De resto, Nelson Jobim
continua flanando livremente por onde bem entende para defender e
acobertar os assassinos, estupradores e violadores selvagens da
ditadura com a qual simpatiza, usando seu discurso dissimulado de que
"não vale a pena mexer nesse vespeiro", "que tal revanchismo não leva
a nada" e outras baboseiras de quem quer afrontar a legalidade – e a
inteligência humana.
Enquanto isso, o governo Dilma
já começa cercado de pressões pela não abertura dos arquivos da
ditadura. A mídia gorda, que apoiou e até financiou o regime
autoritário e terrorista, segue trabalhando ardorosamente pela não
elucidação dos fatos, com editoriais e matérias cada vez mais
freqüentes que apresentam tal caminho como um "erro", "um perigo",
"que criaria muitas tensões", como cansaram de concordar com Jobim a
Folha de S. Paulo, o Globo, a Veja e seus espelhos regionais...

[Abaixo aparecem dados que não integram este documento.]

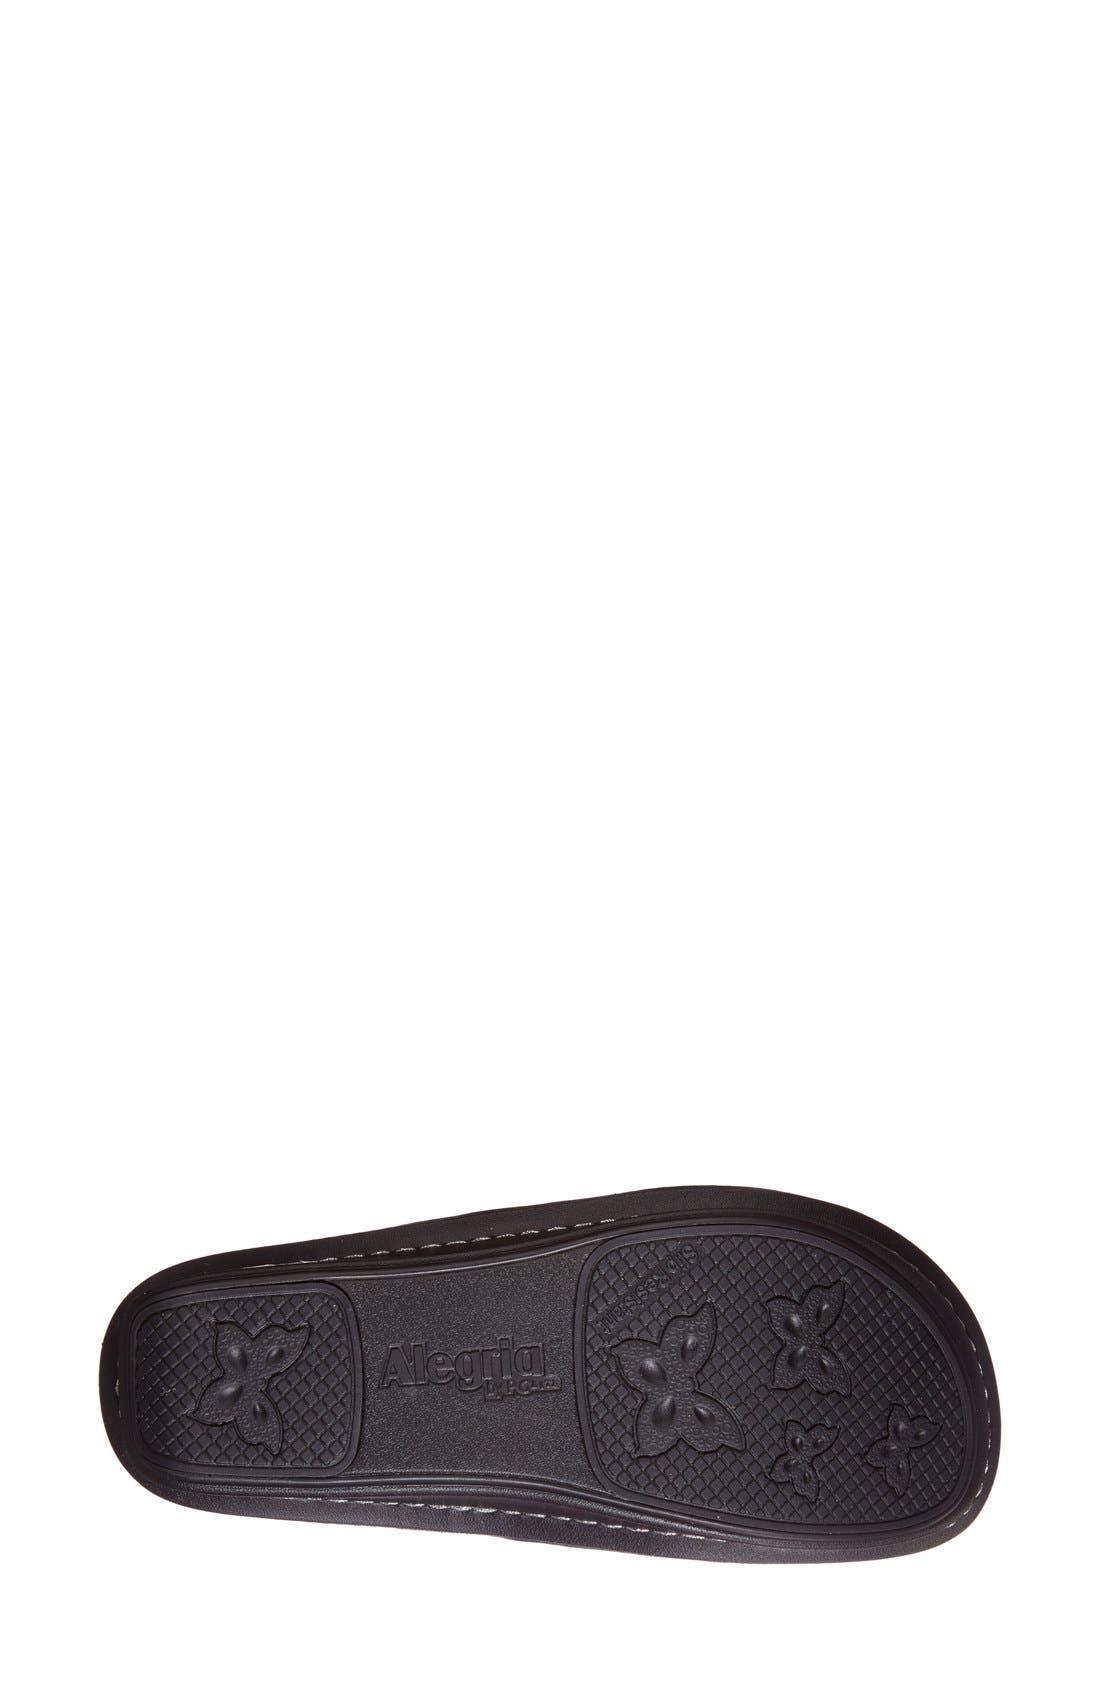 'Colette' Platform Sandal,                             Alternate thumbnail 24, color,
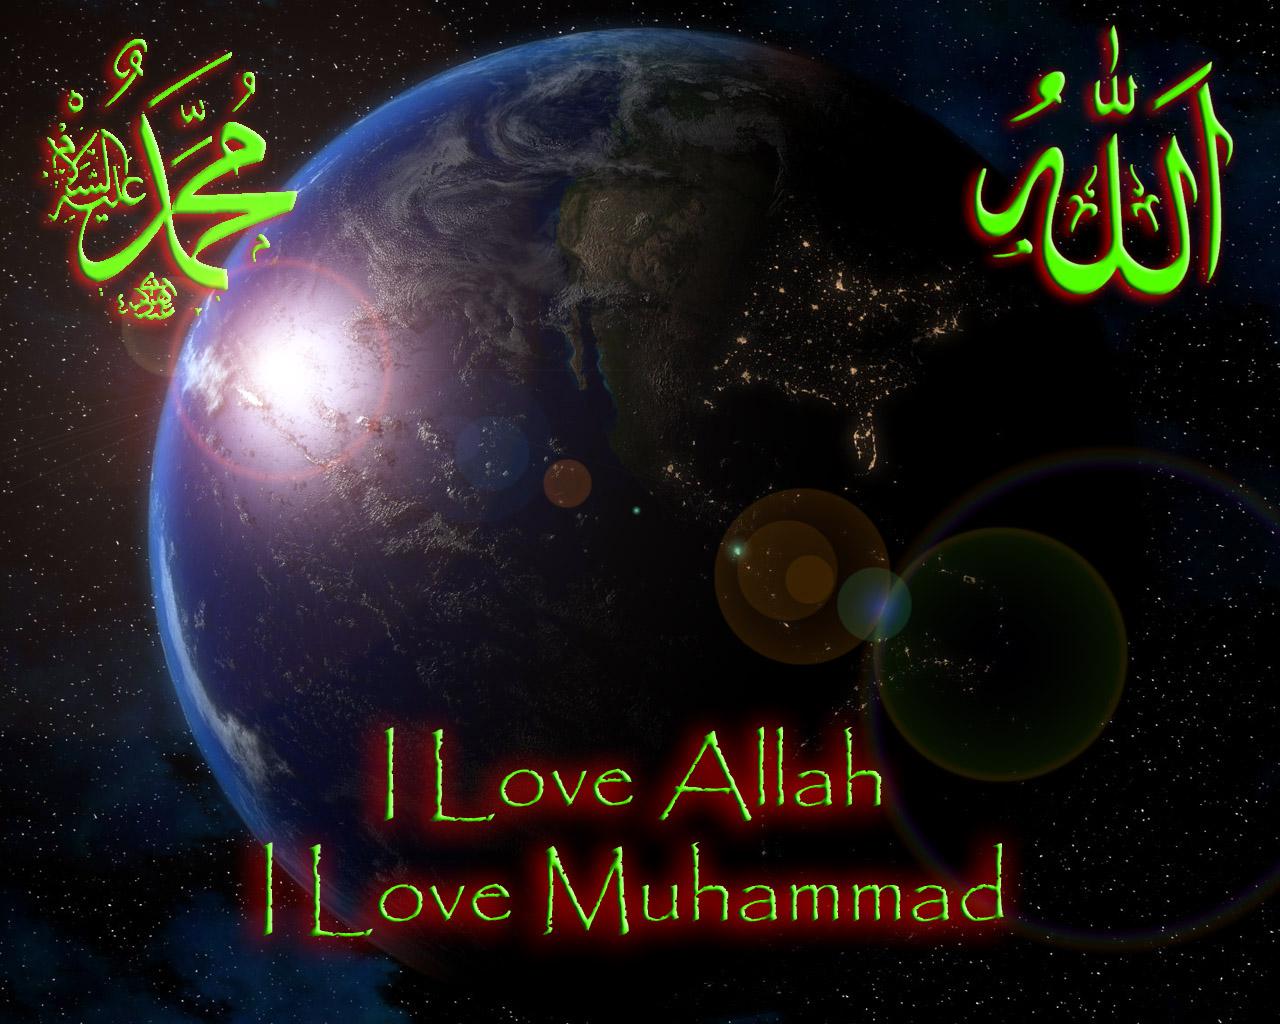 http://3.bp.blogspot.com/-PbvjRoYDV2A/UIPzwsXmQgI/AAAAAAAAAAg/t4VNbldrTsg/s1600/Wallpaper+Kaligrafi+Islami.jpg

Para não alongar mais ainda,
enquanto não se encarar essa dolorosa, mas indispensável, transição à
democracia, punindo os algozes ao invés de lhes fazer concessões
vergonhosas e covardes, seguiremos sendo o país cuja polícia mais mata
no mundo, o da eterna democracia de mentira. E lembremos que a Verdade
não é o bastante, pois todos os entendimentos jurídicos consagrados
mundialmente nos dão direito também à Memória, Justiça e Reparação,
outro ‘detalhe’ dissimulado pelos criminosos civis-militares de ontem
e hoje...
PS: Diante do exposto,
fiquemos atentos à possibilidade de o exército começar a ser usado com
finalidades de ‘contenção’ aos pobres e às lutas sociais, em outras
palavras, se irá aderir abertamente à criminalização da pobreza e dos
movimentos sociais.
*
Gabriel Brito é jornalista.
FONTE: Correio da
Cidadania. Edição n. 28, especial de 30 anos da Lei de Anistia.